As the horses were completely tired oat, and the teamster could not undertake to get back over such a road at night, the team was taken into the woods and kept there until morning. The apparatus was piled up safely upon the beach, the lines between the vessel and shore were hauled taut, two members of the life- saving crew were placed on guard, and the remainder, with the rescued sailors, started on their weary tramp for the station, where they arrived, exhausted, drenched, and half starved, at twenty minutes past midnight. The members of the station crew had got thoroughly wet by rushing into the water to help the men out of the breeches-buoy at the wreck of the J. 0. Moss, and their clothes had frozen upon them, and afterwards thawed with their exertions. As for the sailors, besides being soaked through and through, they had been thirty hours without food, fifteen of which they had spent in the rigging The first thing done upon arrival was to prepare them supper and get them thoroughly dry and warm. Two of them remained at the station until the afternoon of the next day; the other three staid for three days.
The body of the unfortunate young sailor was given in charge to the coroner, and taken to Ludington. He was twenty-five years of age, and belonged at Chicago, where he was to have been married on his return. It is, of course, obvious that his death under the circumstances could not have been prevented.

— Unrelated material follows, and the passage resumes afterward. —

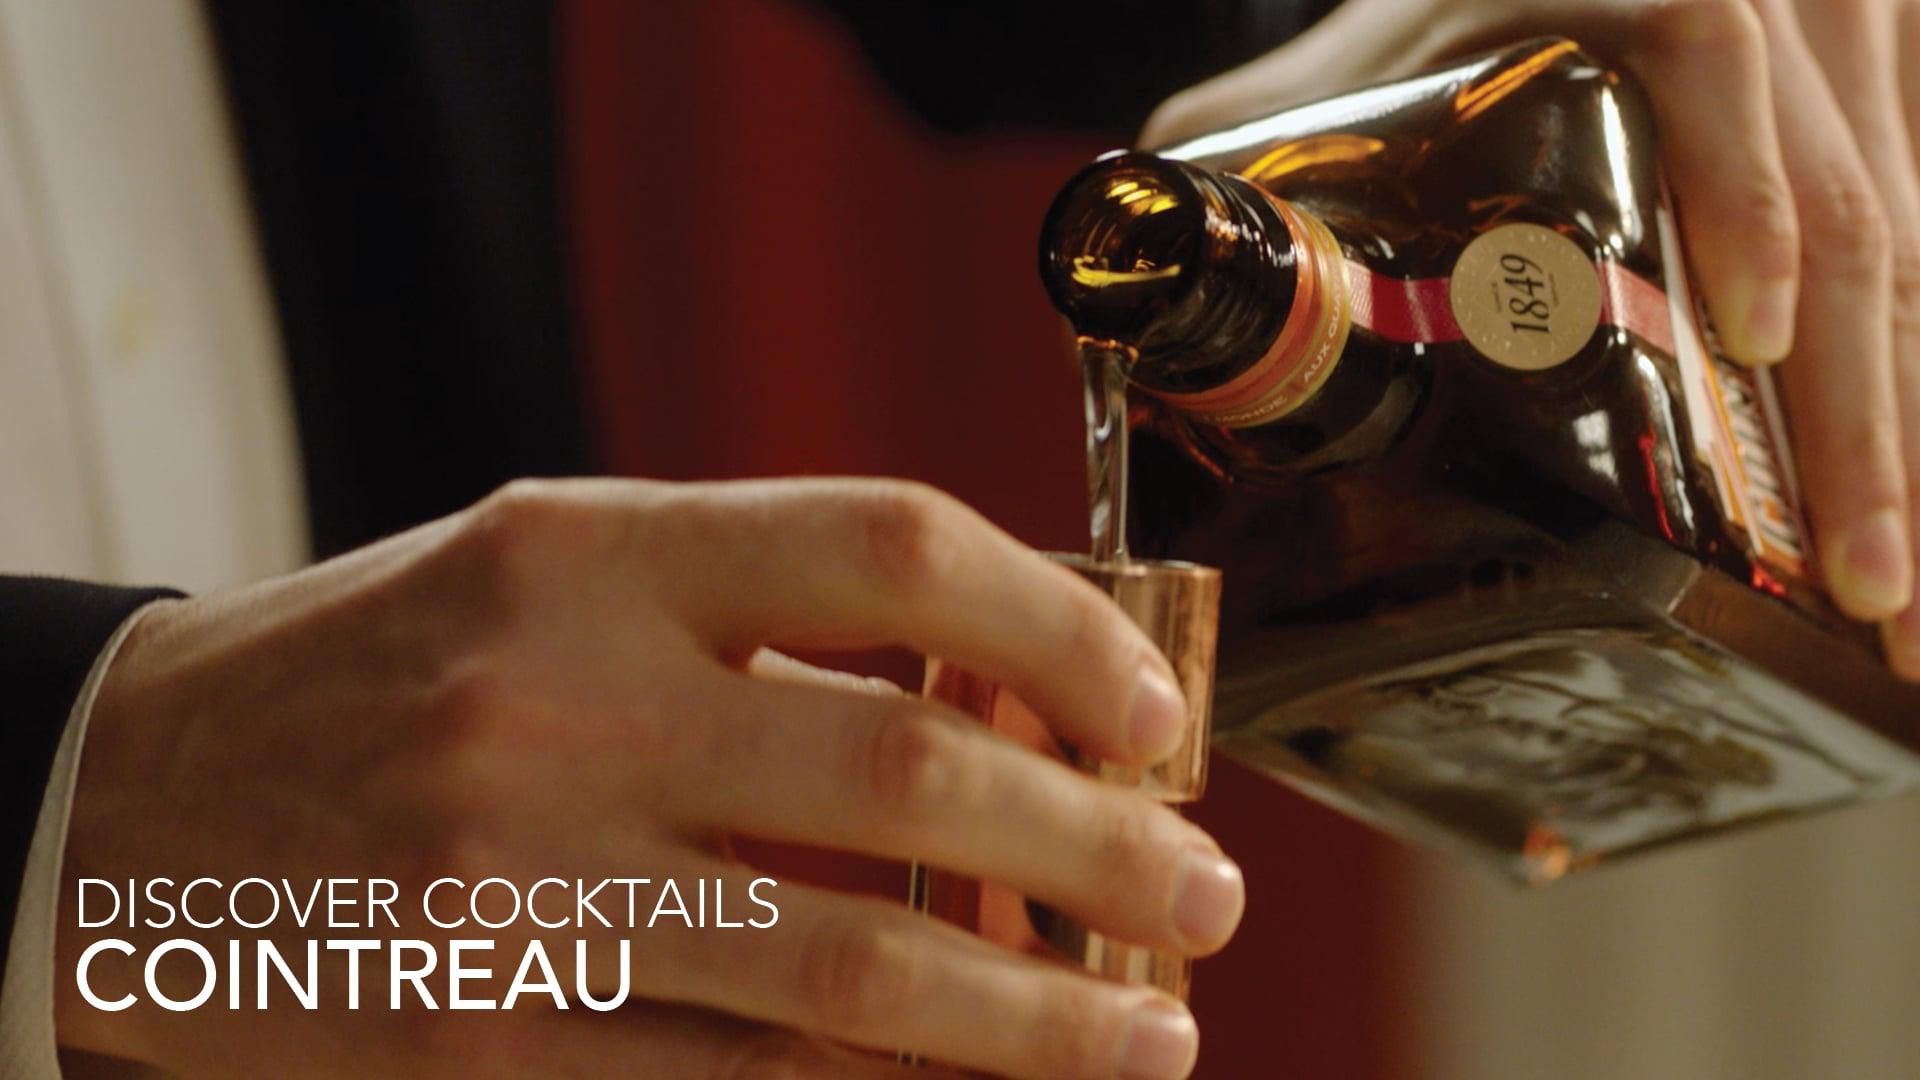 Cointreau - Discover Cocktails

The labors of the life-saving crew upon this date seem particularly worthy of honorable comment. They performed the remarkable service of saving life from two wrecks in succession with the same apparatus; working in. the second instance with wet and frozen lines, which it required peculiar skill and judgment to handle effectively. To achieve this end involved a severe trudge to and from the station, of thirty-four miles, trundling, with the aid of half-blown horses, a heavy wagon load behind them, through a rough wilderness of brush and sand, and with the concomitants of a battering gale and blasts of snow. The heavy work of setting up hawsers and hauling lines, and dragging upon them in the drench of icy surf through the periods of the rescue, becomes a mere incident to the savage toils of such a journey.